[Aim of the exercise] Please quote exactly the lines below from the line containing "Kyosho - 3118 - Ultima-II - Manual - Page 01" to the line containing "Stream Used Car: Perodua", both lines included, and nothing else.

[Items from a dataset]
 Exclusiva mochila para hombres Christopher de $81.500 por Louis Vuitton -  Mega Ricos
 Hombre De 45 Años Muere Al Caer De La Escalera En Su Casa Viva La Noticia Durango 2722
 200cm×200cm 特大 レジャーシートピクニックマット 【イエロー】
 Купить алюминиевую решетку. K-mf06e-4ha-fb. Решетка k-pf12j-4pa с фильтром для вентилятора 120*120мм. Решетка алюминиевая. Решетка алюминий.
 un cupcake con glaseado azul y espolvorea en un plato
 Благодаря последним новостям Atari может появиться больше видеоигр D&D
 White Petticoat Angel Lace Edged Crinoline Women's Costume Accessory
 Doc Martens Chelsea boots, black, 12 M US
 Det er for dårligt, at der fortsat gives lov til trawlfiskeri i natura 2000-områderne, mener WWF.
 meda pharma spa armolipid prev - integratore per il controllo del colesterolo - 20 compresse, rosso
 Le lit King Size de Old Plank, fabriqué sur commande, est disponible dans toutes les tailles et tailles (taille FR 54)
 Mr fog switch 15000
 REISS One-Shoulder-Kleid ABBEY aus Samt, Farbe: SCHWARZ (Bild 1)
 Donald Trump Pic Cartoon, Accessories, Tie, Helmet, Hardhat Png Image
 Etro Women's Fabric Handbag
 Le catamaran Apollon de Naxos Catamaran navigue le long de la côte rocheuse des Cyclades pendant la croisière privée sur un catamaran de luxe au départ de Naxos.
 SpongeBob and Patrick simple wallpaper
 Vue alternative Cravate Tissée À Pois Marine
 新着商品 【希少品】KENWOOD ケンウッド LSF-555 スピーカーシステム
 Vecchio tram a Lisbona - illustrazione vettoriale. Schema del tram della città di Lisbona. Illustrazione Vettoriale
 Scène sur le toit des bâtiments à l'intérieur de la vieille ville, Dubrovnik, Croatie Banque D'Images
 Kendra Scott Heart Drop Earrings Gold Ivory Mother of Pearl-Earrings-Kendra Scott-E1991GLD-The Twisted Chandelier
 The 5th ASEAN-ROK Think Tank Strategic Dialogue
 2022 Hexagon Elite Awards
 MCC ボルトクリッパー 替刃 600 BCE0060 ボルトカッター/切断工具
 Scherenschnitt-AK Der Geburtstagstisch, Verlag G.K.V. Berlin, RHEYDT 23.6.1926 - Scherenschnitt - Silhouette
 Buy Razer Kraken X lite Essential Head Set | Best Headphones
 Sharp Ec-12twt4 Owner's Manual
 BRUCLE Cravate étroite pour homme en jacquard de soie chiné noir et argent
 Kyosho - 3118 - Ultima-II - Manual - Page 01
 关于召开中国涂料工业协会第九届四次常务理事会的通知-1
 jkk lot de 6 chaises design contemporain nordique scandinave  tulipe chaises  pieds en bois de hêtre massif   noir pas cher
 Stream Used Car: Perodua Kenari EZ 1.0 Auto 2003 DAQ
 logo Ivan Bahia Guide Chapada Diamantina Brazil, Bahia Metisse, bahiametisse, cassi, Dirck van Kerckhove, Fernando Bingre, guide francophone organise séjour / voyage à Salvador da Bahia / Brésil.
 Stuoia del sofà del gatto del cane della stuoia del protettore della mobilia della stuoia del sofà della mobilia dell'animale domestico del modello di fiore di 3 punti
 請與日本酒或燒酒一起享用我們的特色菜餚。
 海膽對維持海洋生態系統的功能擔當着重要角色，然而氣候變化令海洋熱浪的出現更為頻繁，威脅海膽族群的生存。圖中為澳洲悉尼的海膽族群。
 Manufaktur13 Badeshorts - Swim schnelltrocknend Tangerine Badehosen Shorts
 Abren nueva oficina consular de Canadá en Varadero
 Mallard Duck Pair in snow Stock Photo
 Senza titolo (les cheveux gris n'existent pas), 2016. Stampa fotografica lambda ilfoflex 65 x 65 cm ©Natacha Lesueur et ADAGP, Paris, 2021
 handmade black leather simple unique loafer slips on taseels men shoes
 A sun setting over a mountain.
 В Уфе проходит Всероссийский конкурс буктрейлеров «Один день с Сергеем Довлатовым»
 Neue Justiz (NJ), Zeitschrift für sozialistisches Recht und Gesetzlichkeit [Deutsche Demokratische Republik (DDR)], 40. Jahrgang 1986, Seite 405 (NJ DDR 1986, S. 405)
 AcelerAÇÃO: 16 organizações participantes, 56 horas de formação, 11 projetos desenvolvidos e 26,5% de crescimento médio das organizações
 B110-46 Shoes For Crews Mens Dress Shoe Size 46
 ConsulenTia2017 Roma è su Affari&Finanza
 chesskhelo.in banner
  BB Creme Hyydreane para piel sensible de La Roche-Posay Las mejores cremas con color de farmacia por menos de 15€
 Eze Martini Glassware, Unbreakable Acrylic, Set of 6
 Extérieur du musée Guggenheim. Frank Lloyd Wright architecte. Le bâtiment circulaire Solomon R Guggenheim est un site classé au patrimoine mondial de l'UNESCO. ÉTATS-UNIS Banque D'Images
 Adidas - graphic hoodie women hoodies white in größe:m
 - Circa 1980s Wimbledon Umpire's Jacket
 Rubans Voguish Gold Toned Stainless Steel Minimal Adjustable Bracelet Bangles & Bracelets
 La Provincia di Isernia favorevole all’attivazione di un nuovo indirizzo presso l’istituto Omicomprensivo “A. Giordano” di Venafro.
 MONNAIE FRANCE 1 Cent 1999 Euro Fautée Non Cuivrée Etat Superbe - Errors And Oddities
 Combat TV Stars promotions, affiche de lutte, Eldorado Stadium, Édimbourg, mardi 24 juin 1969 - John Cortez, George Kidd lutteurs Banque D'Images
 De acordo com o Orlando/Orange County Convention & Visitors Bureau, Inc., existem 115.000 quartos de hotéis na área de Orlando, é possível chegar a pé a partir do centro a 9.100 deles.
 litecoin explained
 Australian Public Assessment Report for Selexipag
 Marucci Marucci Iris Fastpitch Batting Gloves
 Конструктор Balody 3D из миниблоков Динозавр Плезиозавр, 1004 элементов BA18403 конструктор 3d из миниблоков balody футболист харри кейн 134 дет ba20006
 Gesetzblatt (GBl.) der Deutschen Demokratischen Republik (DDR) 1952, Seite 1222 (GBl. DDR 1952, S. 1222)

[The answer]
 Kyosho - 3118 - Ultima-II - Manual - Page 01
 关于召开中国涂料工业协会第九届四次常务理事会的通知-1
 jkk lot de 6 chaises design contemporain nordique scandinave  tulipe chaises  pieds en bois de hêtre massif   noir pas cher
 Stream Used Car: Perodua Kenari EZ 1.0 Auto 2003 DAQ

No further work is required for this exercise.